● Data provided:
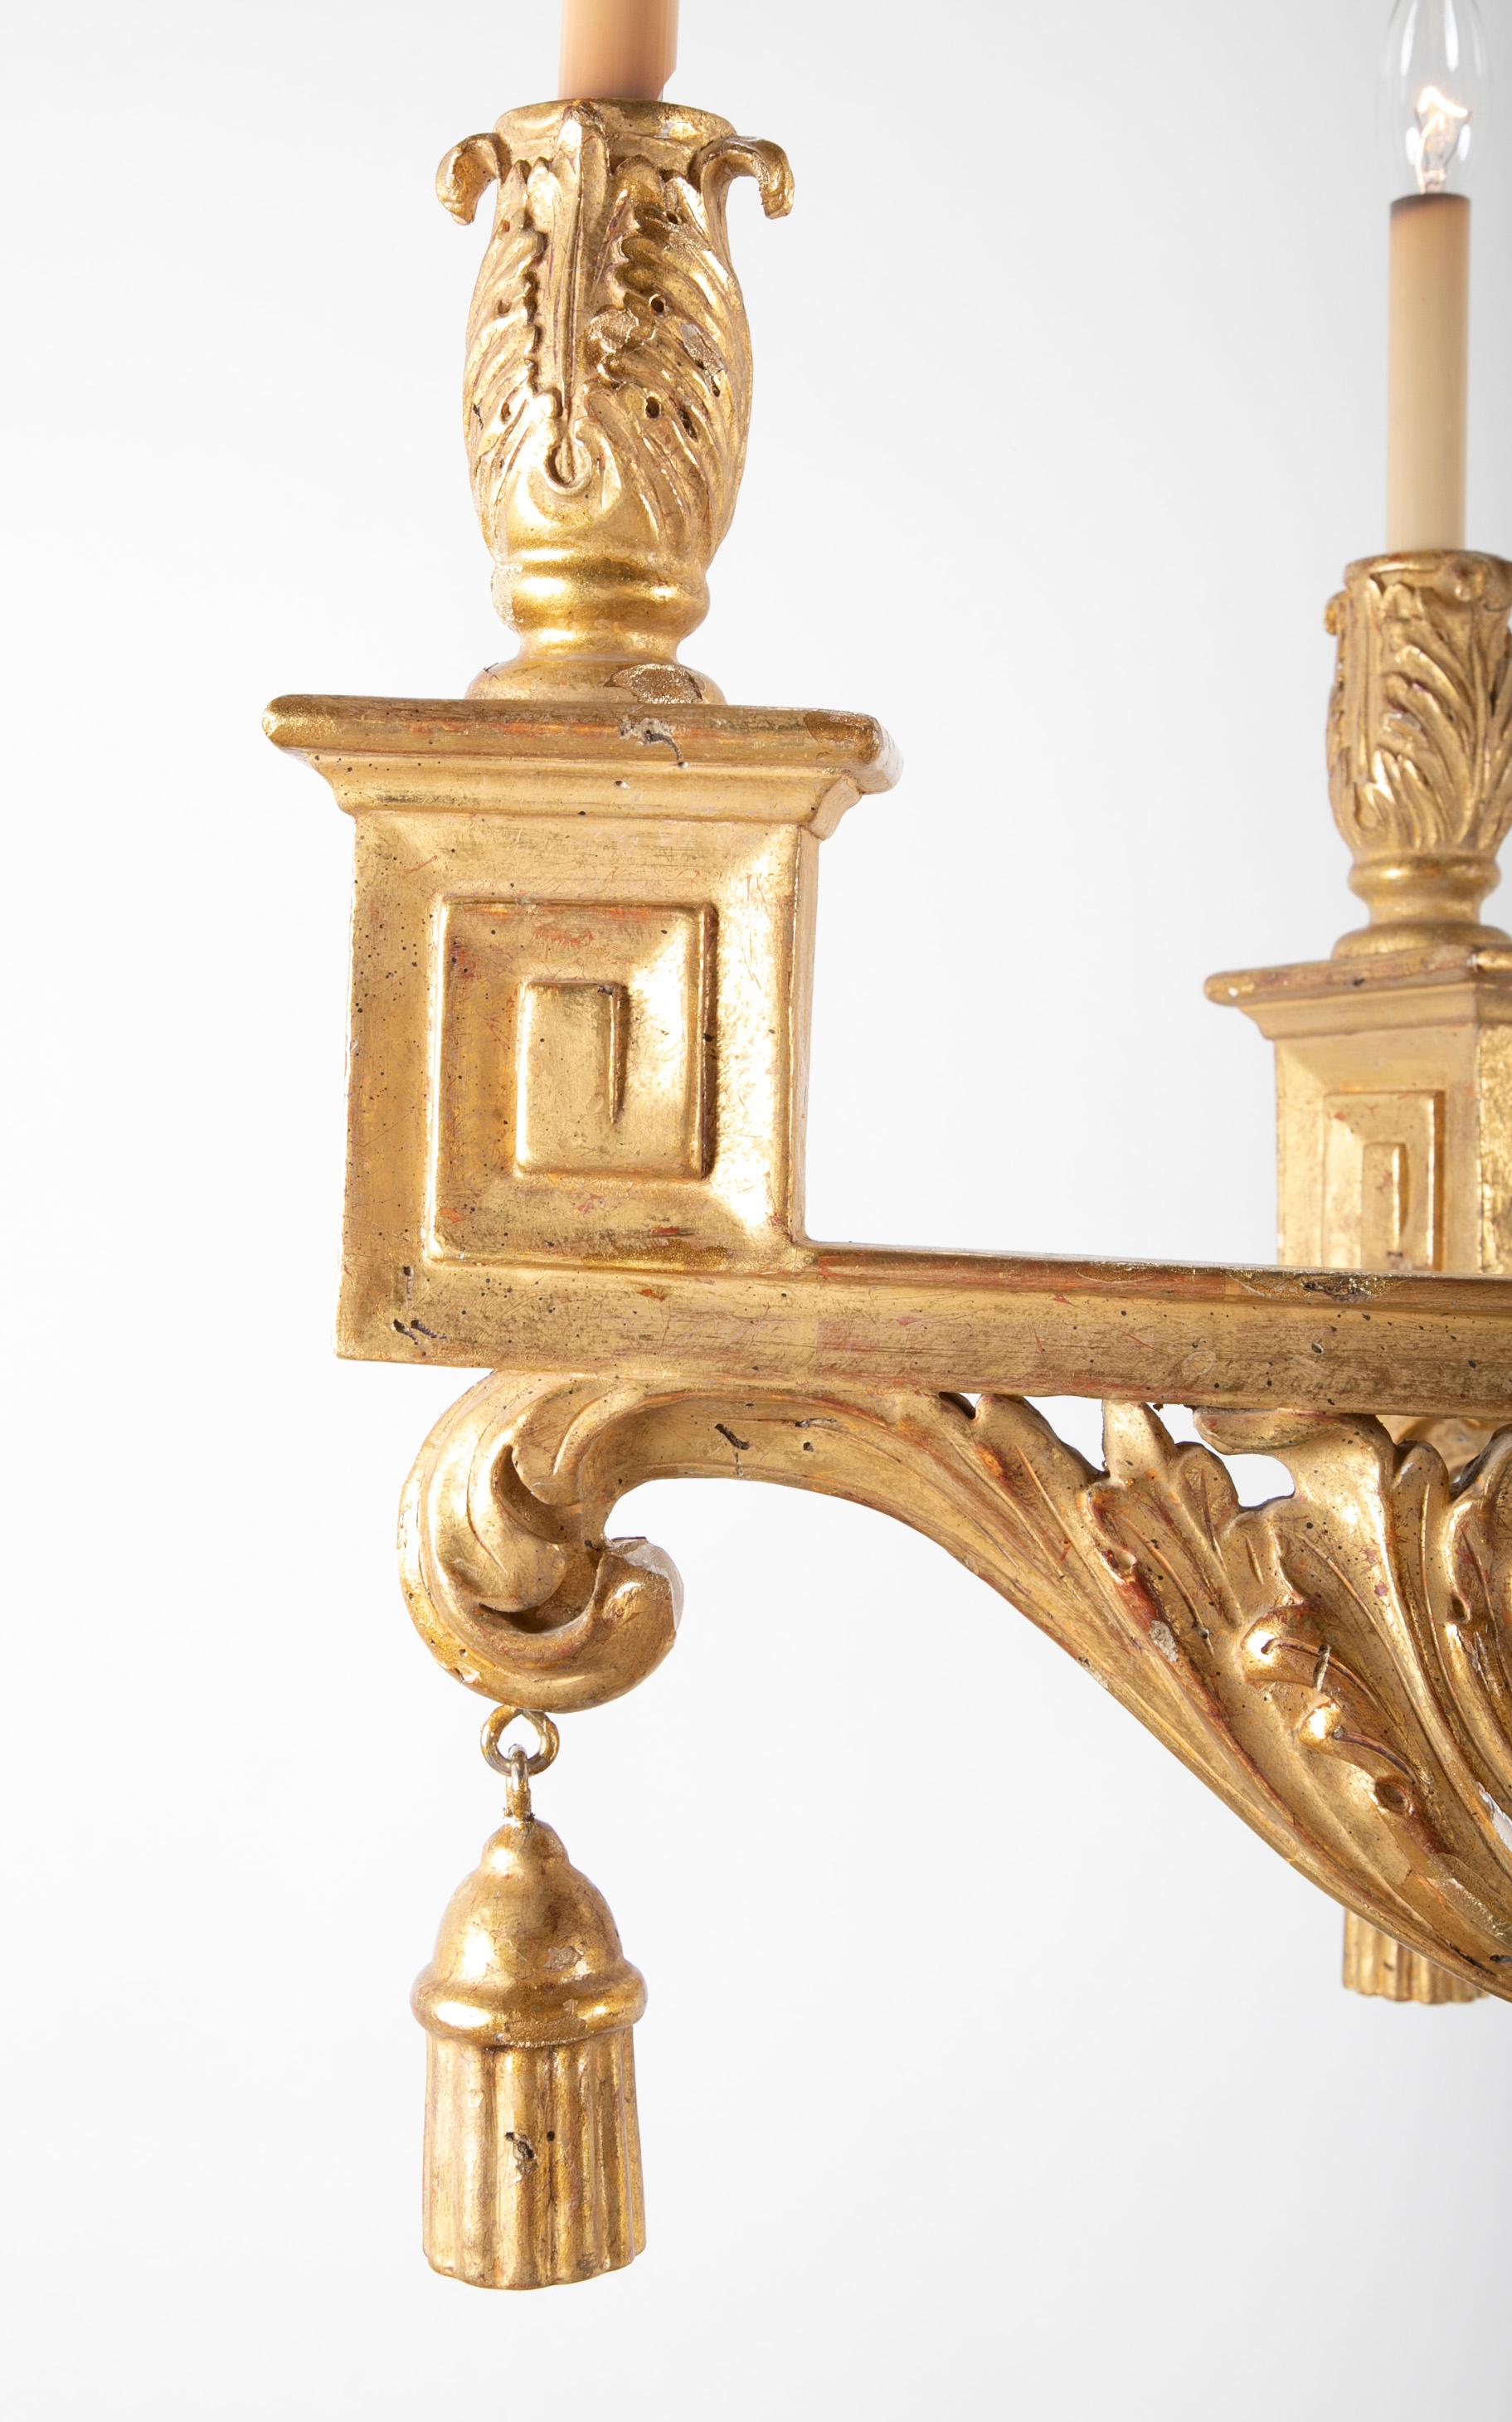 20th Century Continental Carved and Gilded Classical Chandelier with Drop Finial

---

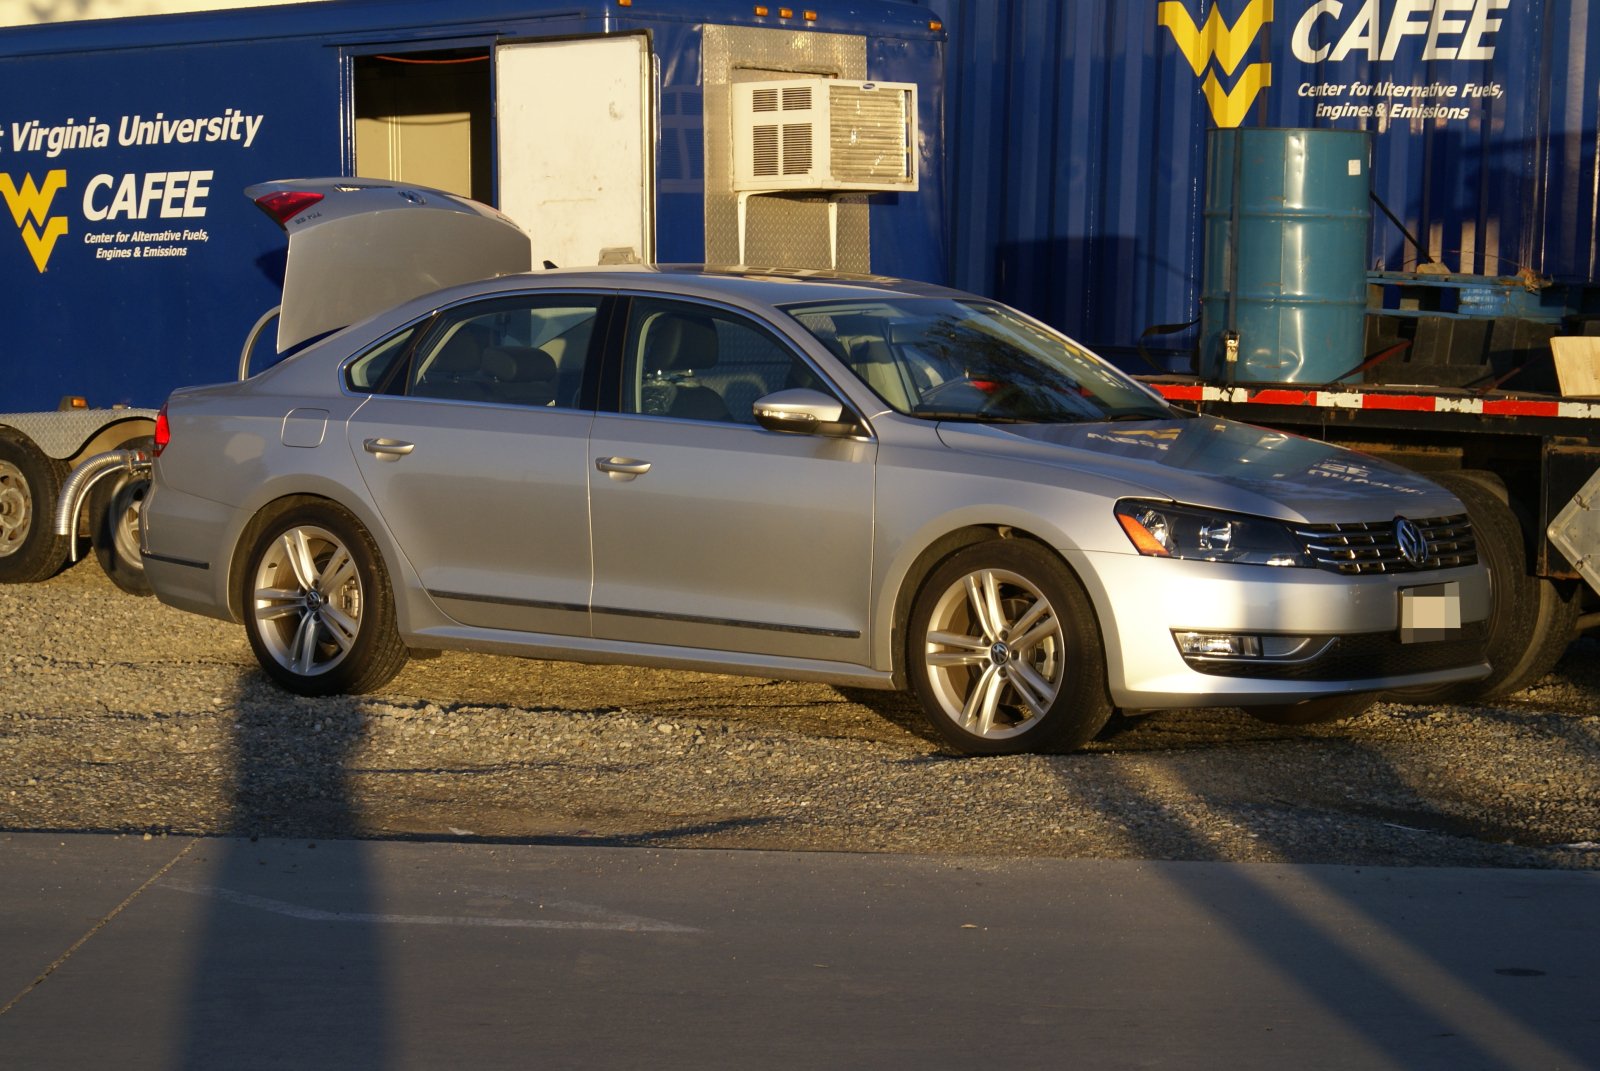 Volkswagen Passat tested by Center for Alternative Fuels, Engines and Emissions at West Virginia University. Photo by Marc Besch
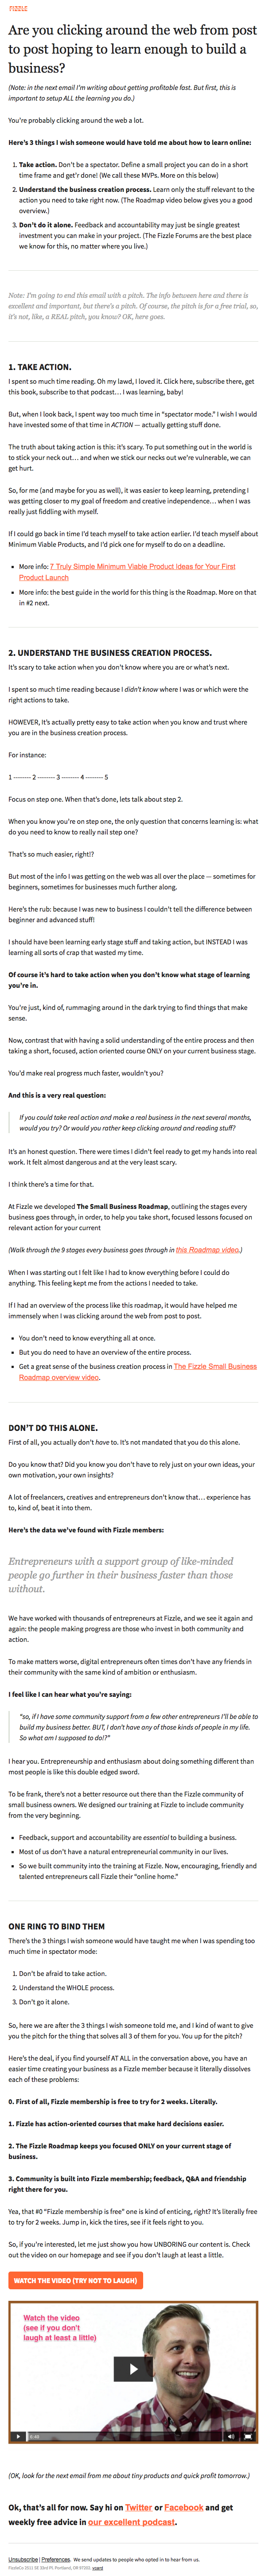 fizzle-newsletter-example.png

● Work instruction: I'd like the lines above repeated exactly, from the one that contains "Volkswagen Passat tested" through the one that contains "fizzle-newsletter-example.png", with no pictures.

● Result for this exercise:
 Volkswagen Passat tested by Center for Alternative Fuels, Engines and Emissions at West Virginia University. Photo by Marc Besch
 fizzle-newsletter-example.png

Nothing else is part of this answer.